At Equal Experts, we have a lot of experience in helping our customers to integrate data science into their business capabilities. This requires data scientists and data engineers to work closely together, because models are usually dependent on data availability. But how many data engineers do you need? Our recommendation is one data engineer per data scientist.
Data science is dependent on data availability
Given a dataset, a data scientist can often come up with a good first pass model in a matter of days. Data scientists are great at maths, statistics and machine learning (ML) algorithms, and they’re blessed with great tooling and libraries. They use tools like Jupyter notebooks to quickly analyse data, prototype algorithms and share their results with clear annotations.
But data scientists need relevant data. They need access to historical data for the inputs and the outputs of the activity they’re modelling, and it’s typically locked away in multiple transactional systems. That causes two problems for data scientists:
- They usually don’t have the engineering skills or inclination to work with transactional systems. More than once, a data scientist has said to me ‘I just want to work with the algorithms’
- They don’t have approvals to access the data. At a financial services company, data scientists weren’t trusted to access data in a transactional database, for fear it would interrupt daily transactions
Data science progress is dependent on data availability. Data science impact is dependent on integration with the business. Both are dependent on engineers who are sympathetic to data science needs and ways of working. You need a cross-functional team of data scientists, data engineers, and others working together to integrate models into business operations. (You can read more about this in our free ML Ops playbook.)
The rule of thumb is…
The Equal Experts recommendation – one that I know is shared by many other data leaders – is one data engineer per data scientist. It’s a rule of thumb that depends on the complexity of the models, and the nature of the transactional systems involved (for a complex ecosystem with tricky data pipelines and a high impact model the ratio can even be higher – with multiple engineers per data scientist), but time and again this recommendation has helped our customers to achieve their business outcomes.

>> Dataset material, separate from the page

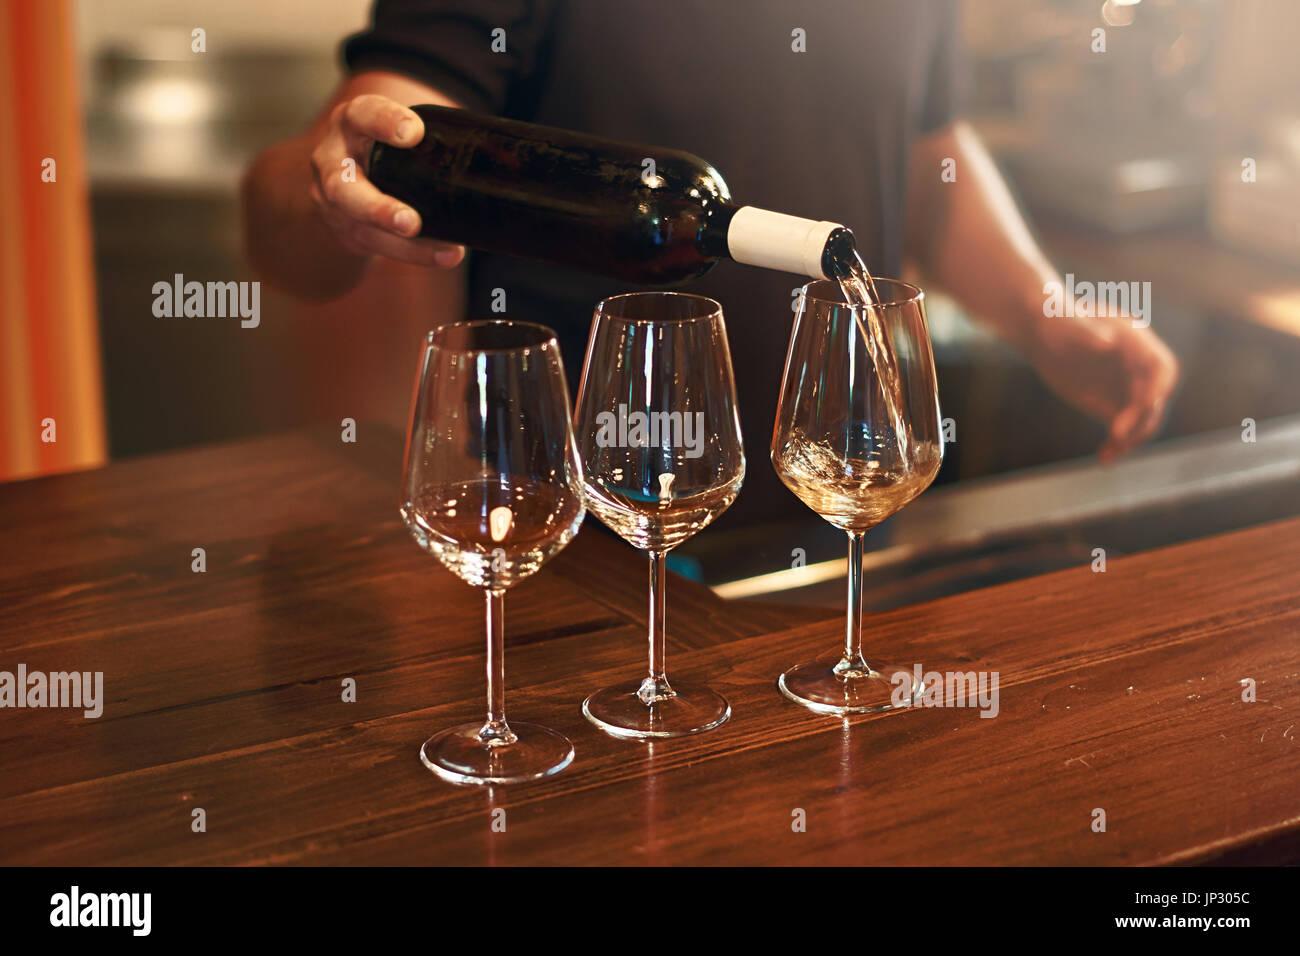 Sommelier pours pinot gris wine in glasses for degustation - Stock Image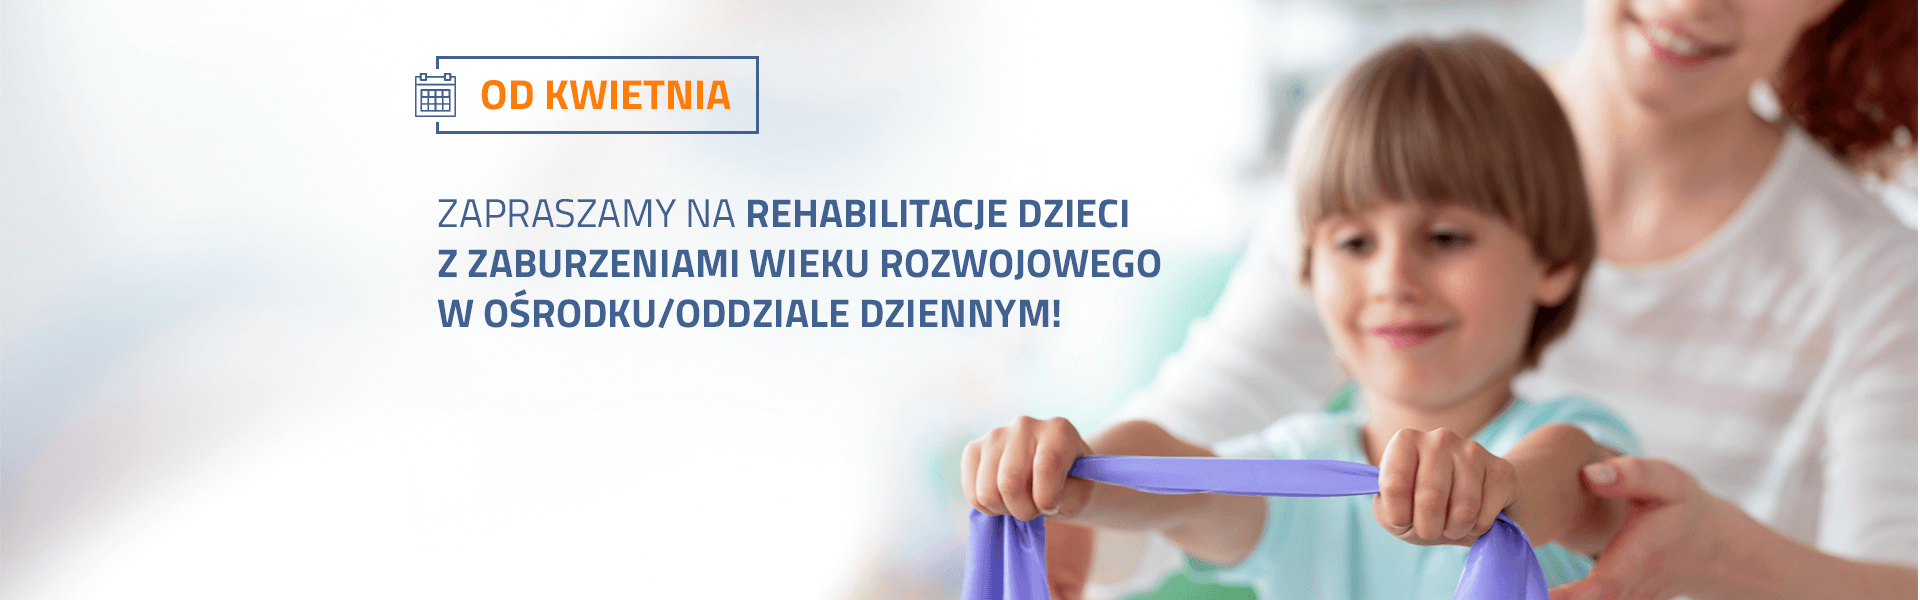 Medicamed rehabilitacje dzieci slider

When you don’t have one data engineer per data scientist, the frustration is obvious. Data scientists spend their time waiting for the data they need to build their models, or they reluctantly do the integrations themselves. Data engineers are overworked as they try to continually provide access to data sources and maintain integrations with business operations. And business users don’t see the benefits they were promised from investing in data science in the first place.